2. Tinggi Rendahnya Rangkaian Sanad
Sebagaimana dimaklumi, bahwa suatu hadits sampai kepada kita melalui sanad-
sanad. Setiap sanad bertemu dengan rawi yang dijadikan sandaran menyampaikan
berita (sanad setingkat lebih di atas), sehingga seluruh sanad itu merupakan suatu
rangkaian. Rangkaian sanad itu adalah berderajat tinggi, sedang dan lemah,
mengingat perbedaan ke-dlabith-an (kesetiaan ingatan) dan keadilan rawi yang
dijadikan sanadnya. Rangkaian sanad yang berderajat tinggi menjadikan suatu
hadits lebih tinggi derajatnya dari pada hadits yang rangkaian sanadnya sedang
atau lemah.12 Para muhaditsin membagi tingkatan sanadnya menjadi tiga
bagian,yaitu:
a. Ashahhul Asanid (sanad-sanad yang lebih shahih), contoh Ashahhul Asanid
dari sahabat tertentu yaitu, Umar bin Khaththab r.a., ialah yang diriwayatkan oleh
Ibnu Syihab Az-Zhuhri dari Salim bin Abdullah bin Umar, dari ayahnya
(Abdullah bin Umar), dari kakeknya (Umar bin Khaththab).
b. Ahsanul Asanid (sanad-sanad yang lebih hasan). Sanad ini lebih rendah
derajatnya daripada yang bersanad Ashahhul Asanid.

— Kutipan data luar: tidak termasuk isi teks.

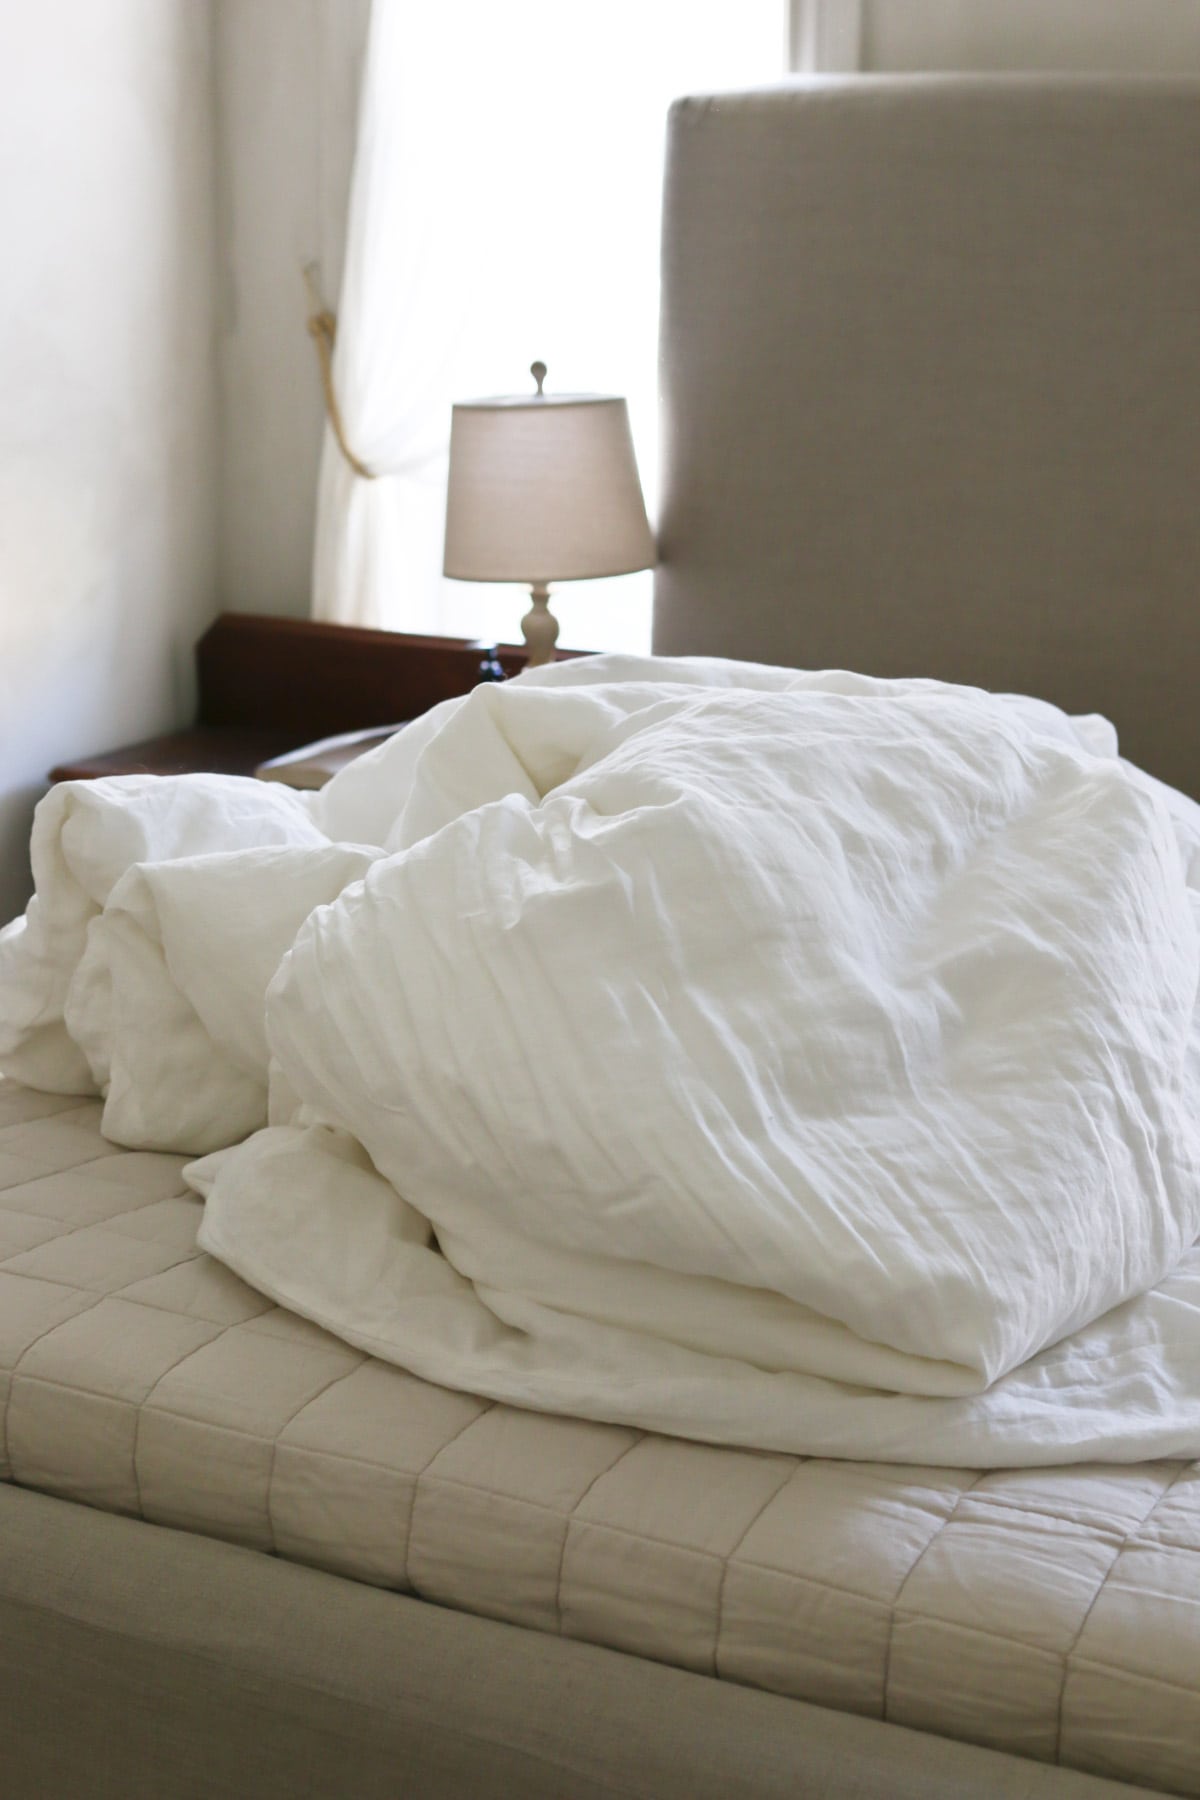 where to get a linen duvet cover for your bed

Contoh bila hadis tersebut
bersanad antara lain : Bahaz bin Hakim dari ayahnya (Hakim bin Mu’awiyah) dari
kakeknya (Mu’awiyah bin Haidah) dan Amru’ bin Syuaib dari ayahnya (Syuaib
bin Muhamad) dari kakeknya (Muhamad bin Abdillah bin Amr bin Ash).

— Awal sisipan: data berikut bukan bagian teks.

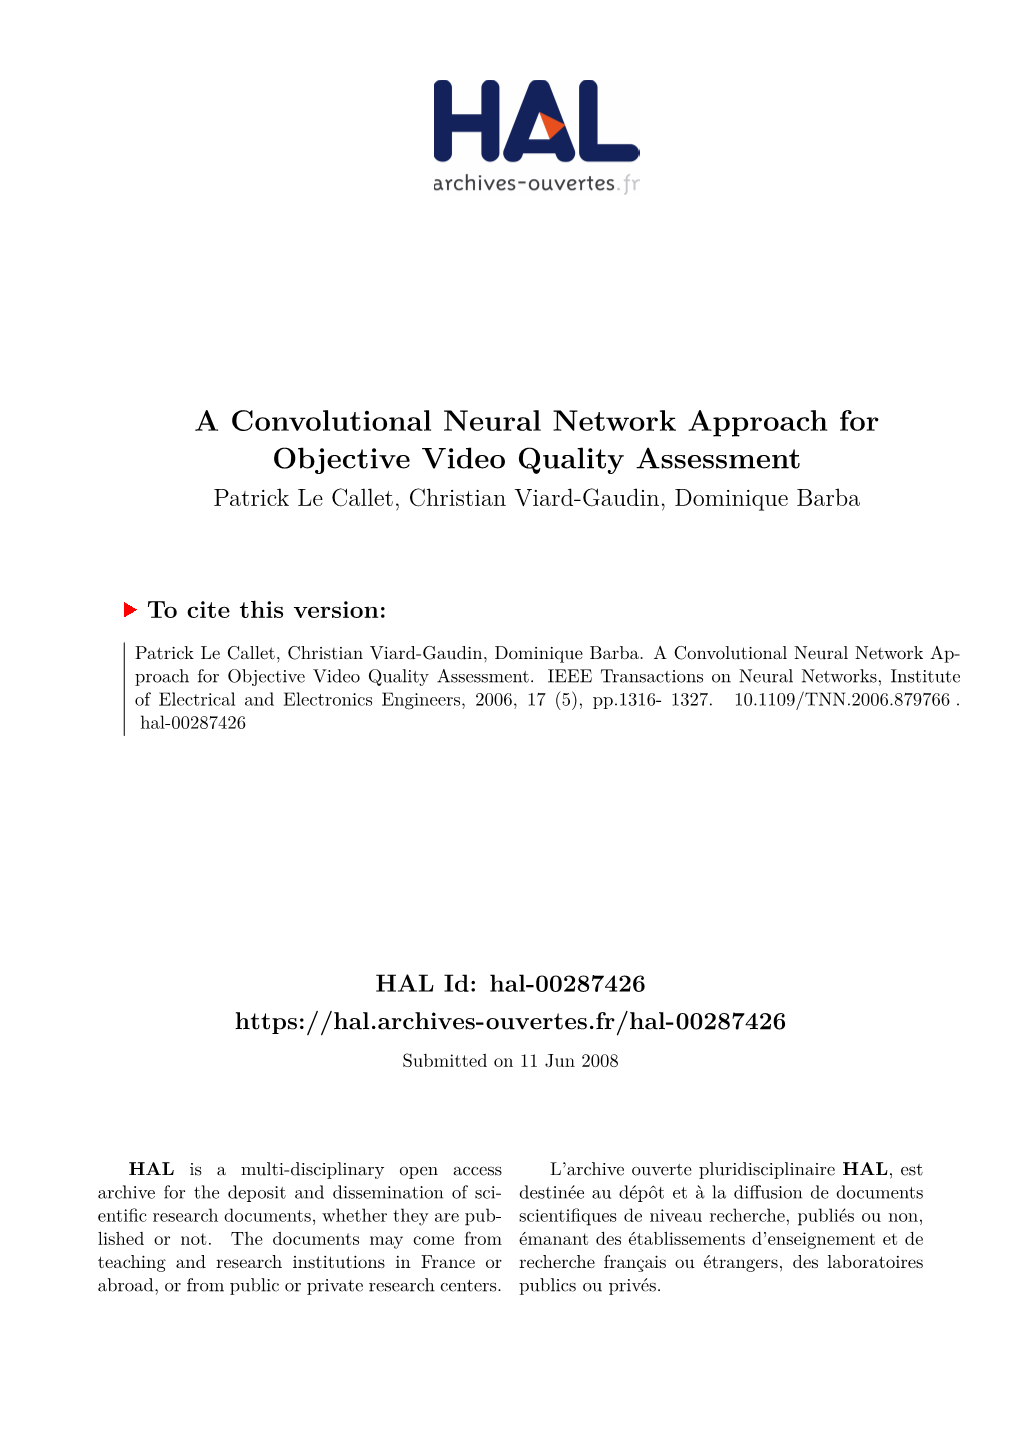 A Convolutional Neural Network Approach for Objective Video Quality Assessment Patrick Le Callet, Christian Viard-Gaudin, Dominique Barba

c. Adl’aful Asanid (sanad-sanad yang lebih lemah), rangkaian sanad yang
Adl’aful Asanid salah satunya adalah : Abu Bakar As-Shidiq r.a., ialah yang
diriwayatkan oleh Shadaqah bin Musa dari Abi Ya’qub Farqad bin Ya’qub dari
Murrah Ath-Thayyib dari Abu Bakar r.a.